▶ _Exercise aim_: Wherever a picture appears in the listing, leave it out, and copy the rest exactly.

▶ _Dataset extract_:
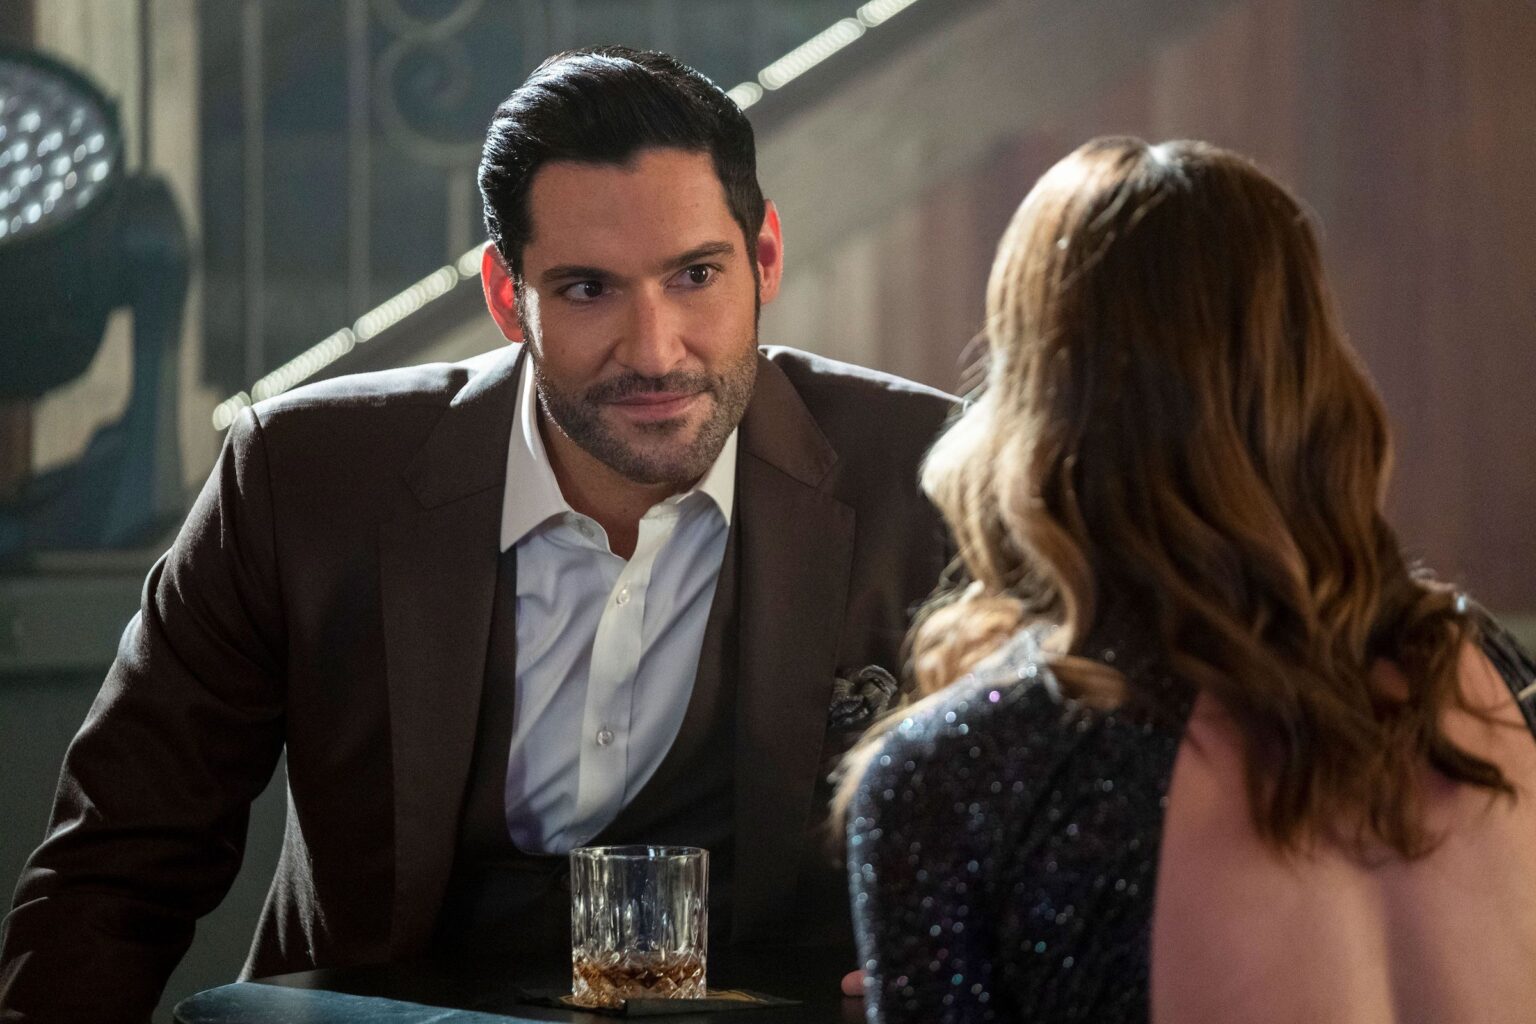 'Lucifer' has returned with its long-awaited back half of season 5. Here are the best Lucifer Morningstar moments so far.
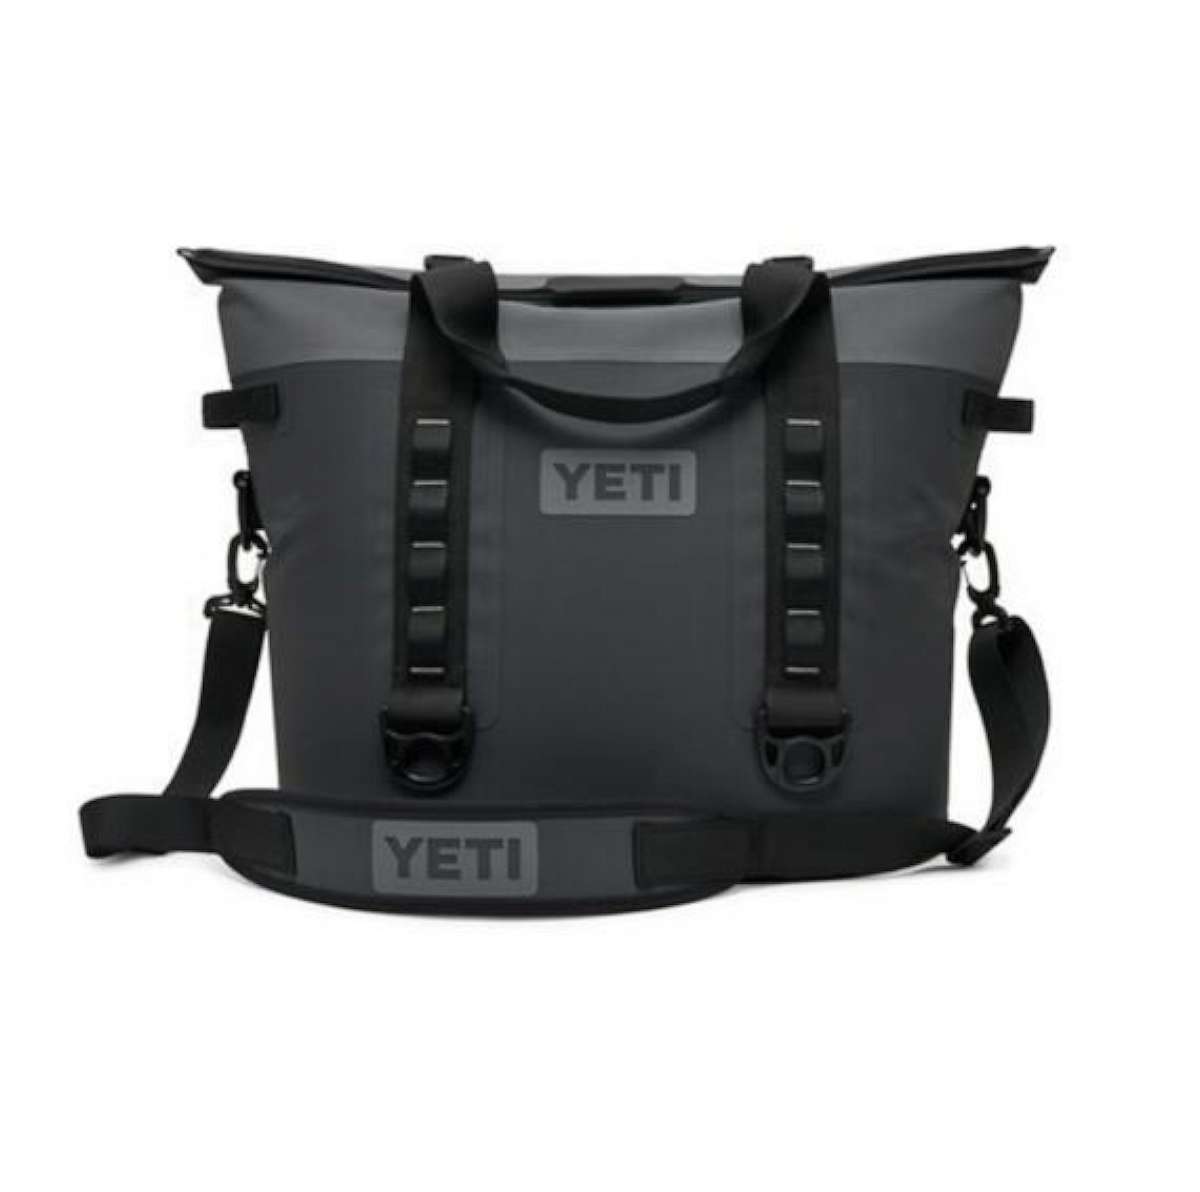 PHOTO: YETI is recalling soft coolers and gear cases, such as this Hopper M30 Soft Cooler, due to magnet ingestion hazard.
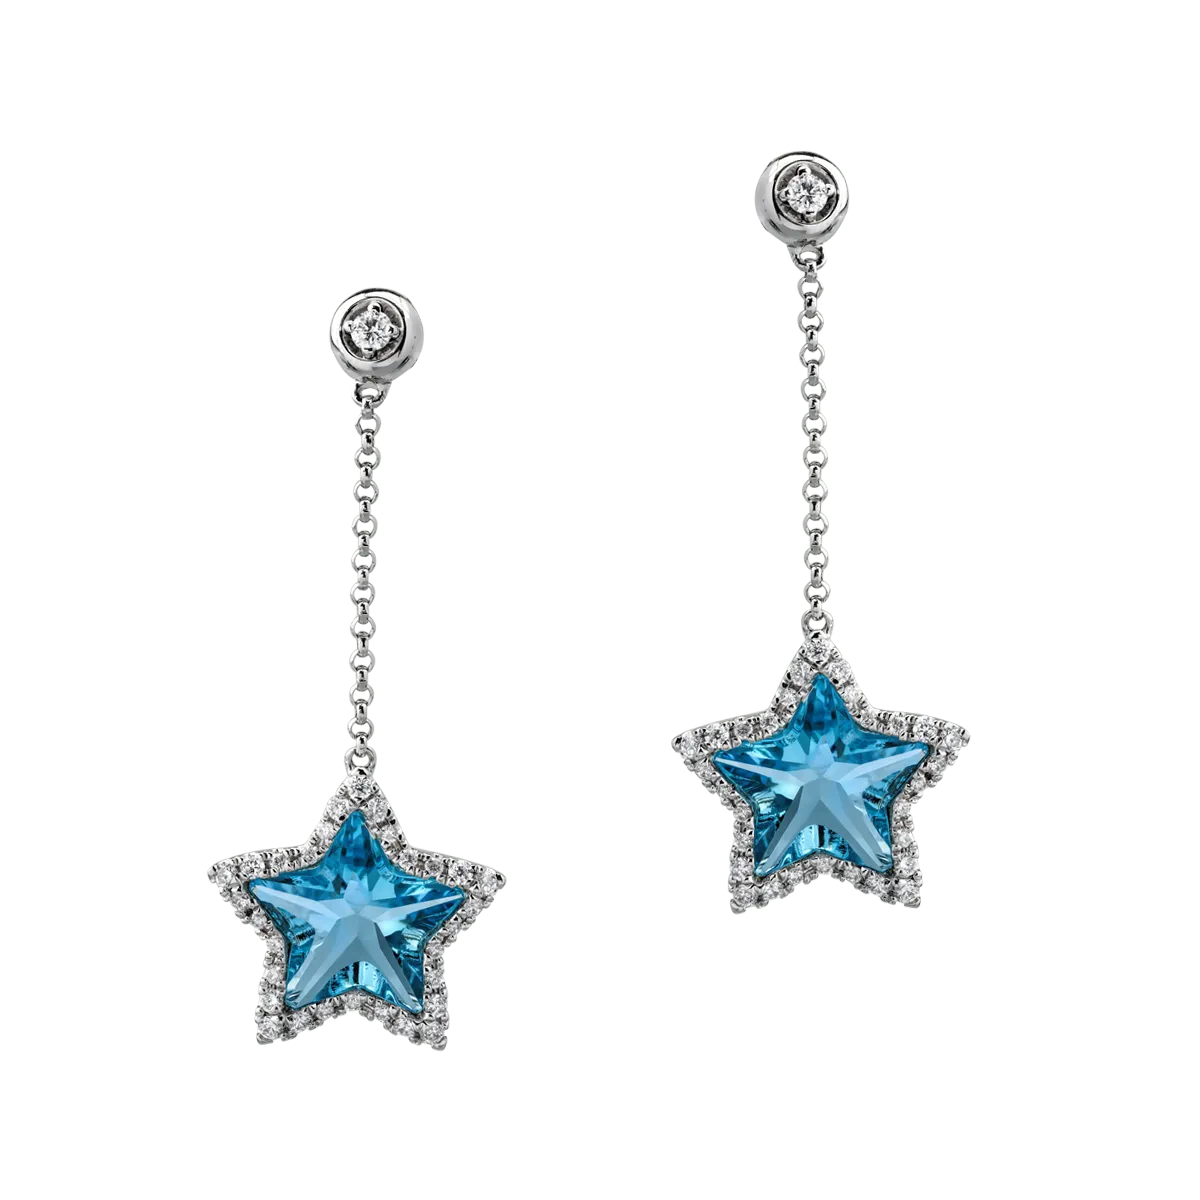 18K white gold earrings with 2.7ct blue topaz and 0.3ct diamonds
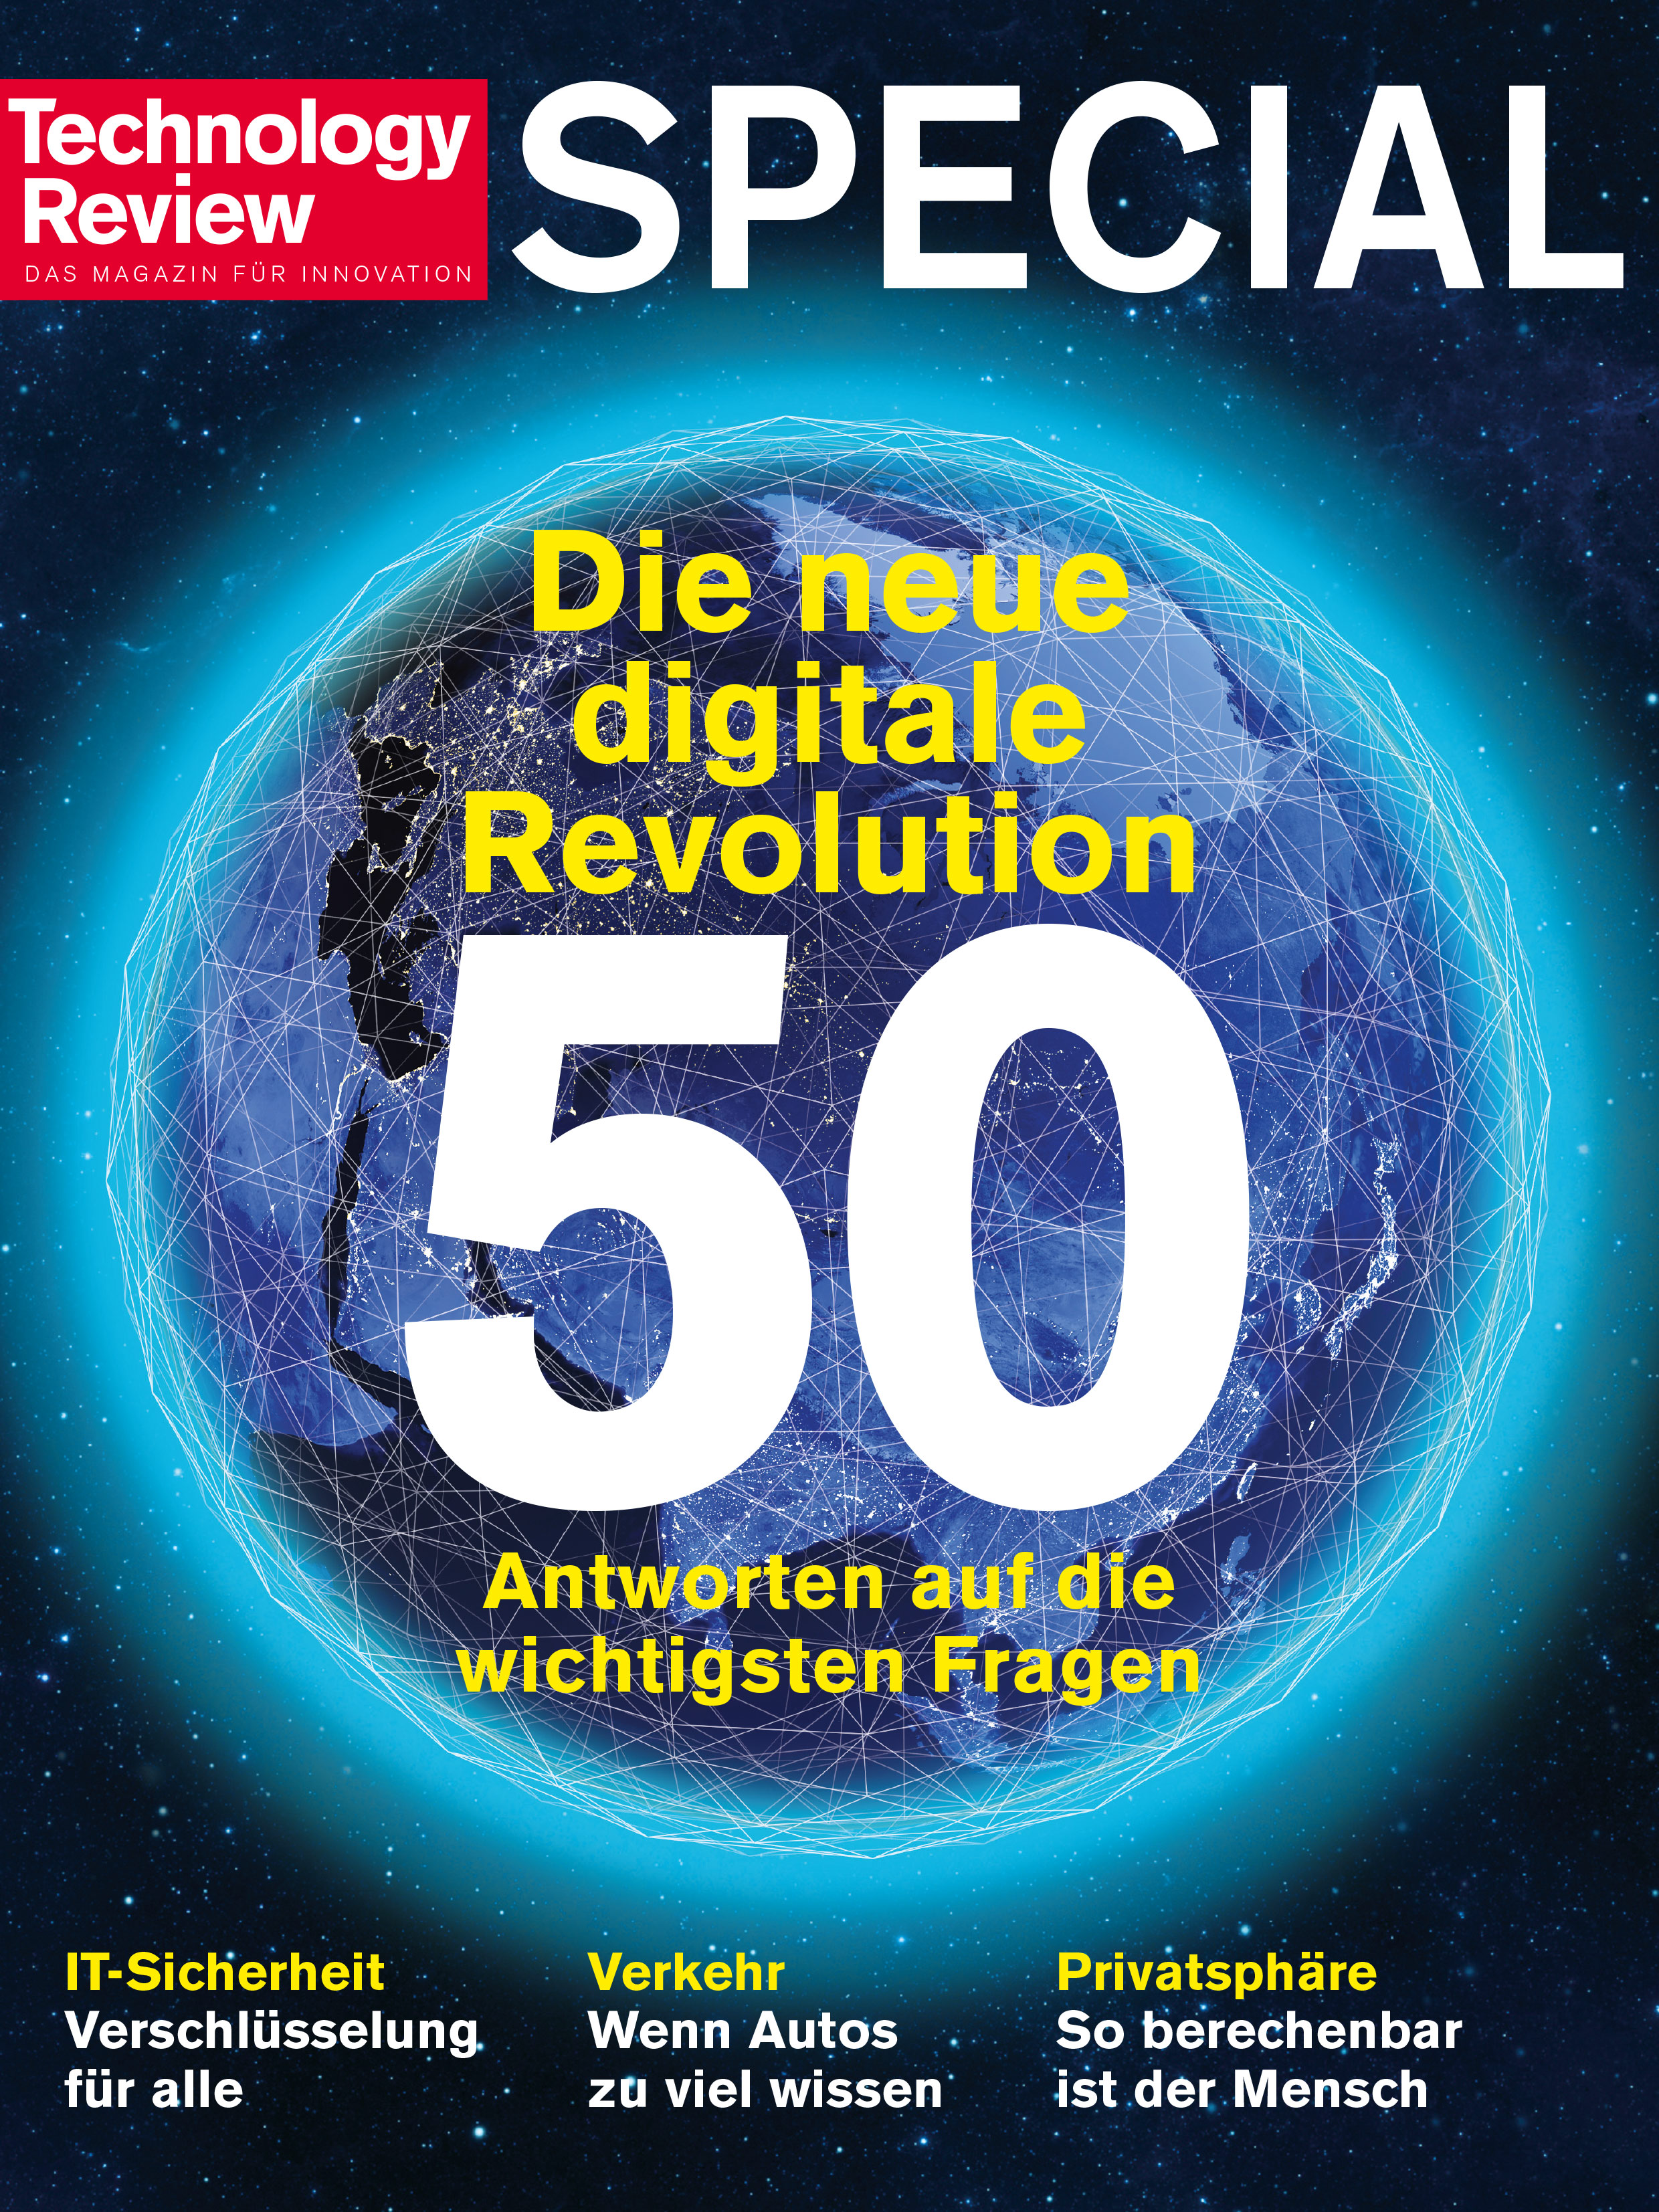 Technology Review Special Digitale Revolution 2014

▶ _Task solution_:
 'Lucifer' has returned with its long-awaited back half of season 5. Here are the best Lucifer Morningstar moments so far.
 PHOTO: YETI is recalling soft coolers and gear cases, such as this Hopper M30 Soft Cooler, due to magnet ingestion hazard.
 18K white gold earrings with 2.7ct blue topaz and 0.3ct diamonds
 Technology Review Special Digitale Revolution 2014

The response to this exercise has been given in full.